Given the likely passage of this, I've already changed my investment strategy. My current plan:

For 2019:
1) Do things to keep my total AGI w/i the 24% bracket (single). This includes selling anything I have a loss on (which isn't much) and putting as much as necessary into traditional forms of 457b and 403b plans, but only as much as needed to not exceed the 24% bracket.
2) Contribute as much as possible (given the traditional forms of 1) to a Roth 457B and/or Roth 403B. I just switched my 457B contribution from traditional to Roth.
3) Spend down cash reserves as needed to make up for $ going into Roth's that would otherwise be part of my normal spend. This has the added benefit that I will decrease my taxable interest income.
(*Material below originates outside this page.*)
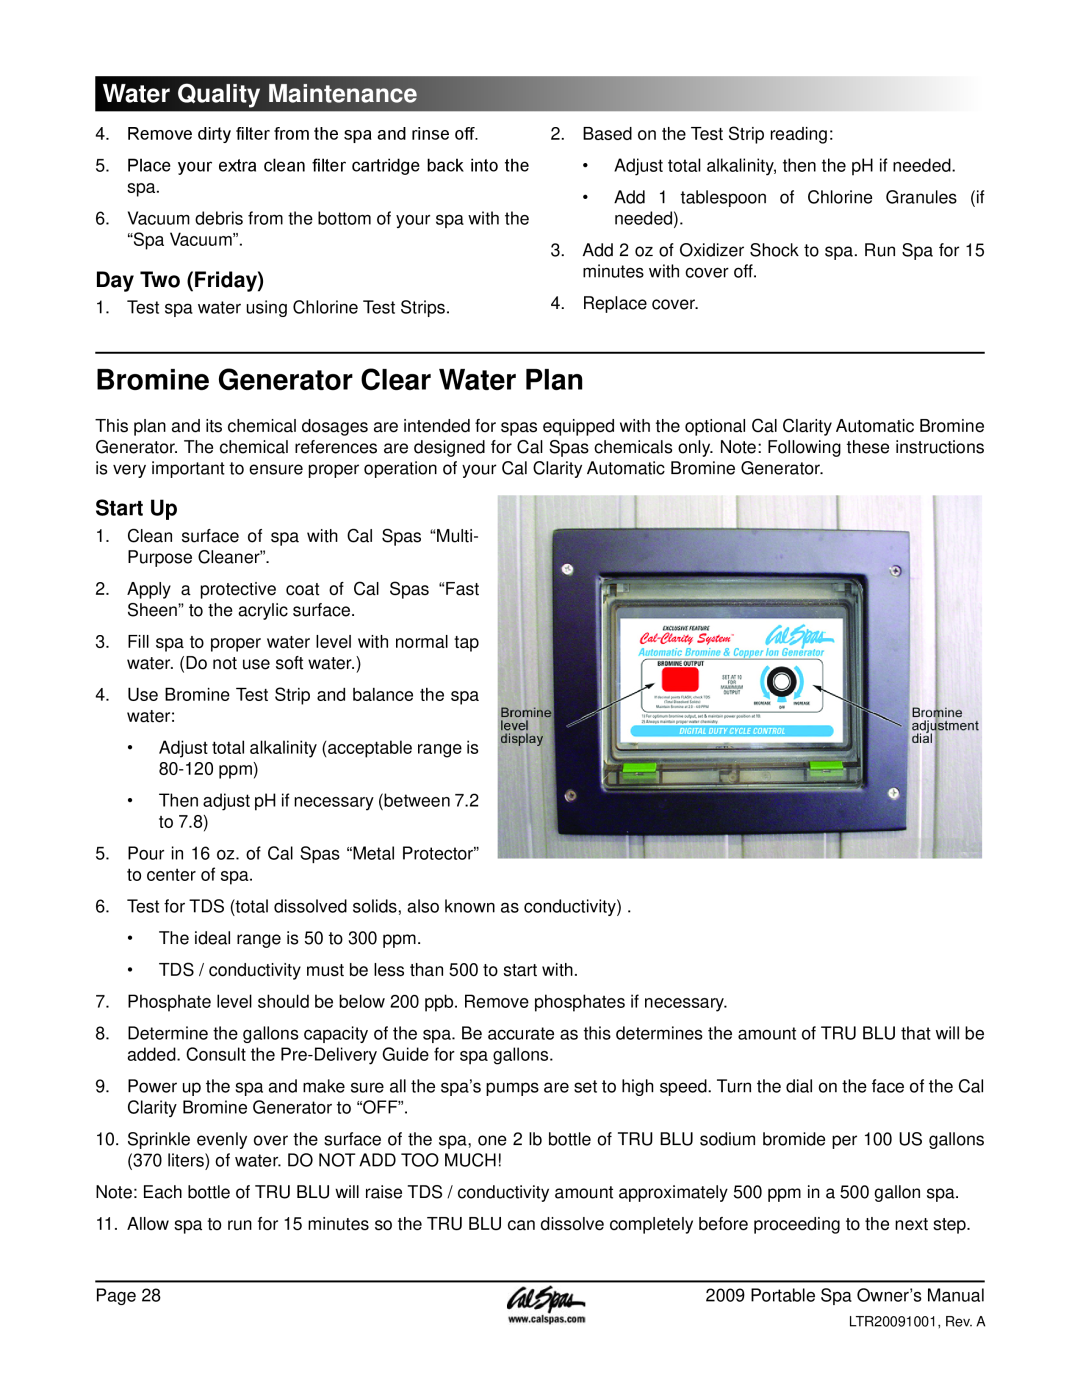 Cal Spas Portable Spas manual Bromine Generator Clear Water Plan, Day Two Friday, Water Quality Maintenance, Start Up 
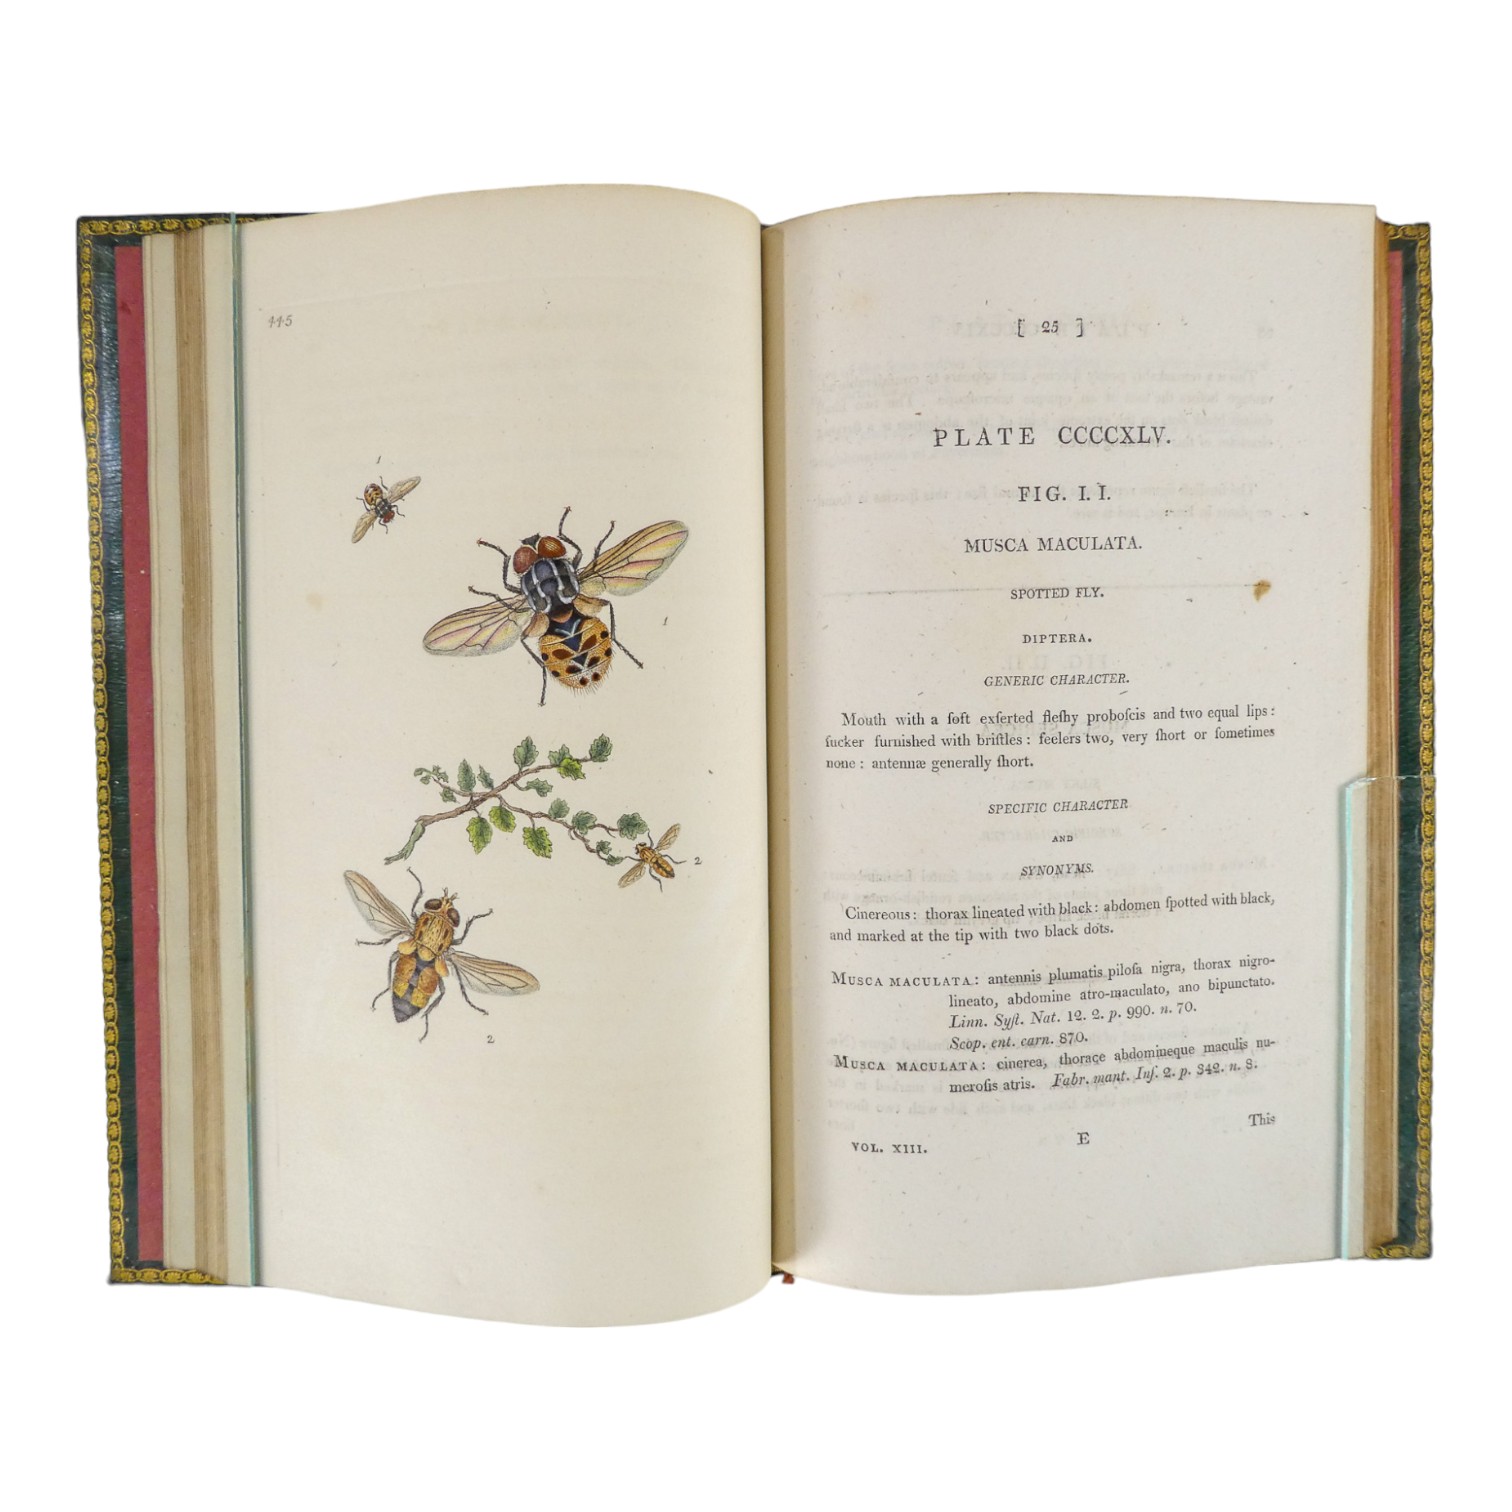 DONOVAN Edward, The Natural History of British Insects ... - published F & C Rivington 62 St Paul' - Image 29 of 33

In 2020 my plan will be similar, except easier to implement as I will no longer have any 409A payments from my ex-mega corp. This should allow me to contribute only to the Roth 457 and perhaps 403 and not have to make any traditional (tax deferred) contributions. I might even be able to do a small tIRA to Roth conversion while still sticking to the 24% bracket.

When I retire/quit from my teaching gig (at latest when I am 65), continue with conversions until 72. Defer social security until 70 to maximize my ability to convert.
 
Maynard G Krebs never worried about his RMD at any age. Work!
I'm showing my age but I know who he was without looking it up.... It would not have matter to him anyway. He (Bob Denver) died at age 70.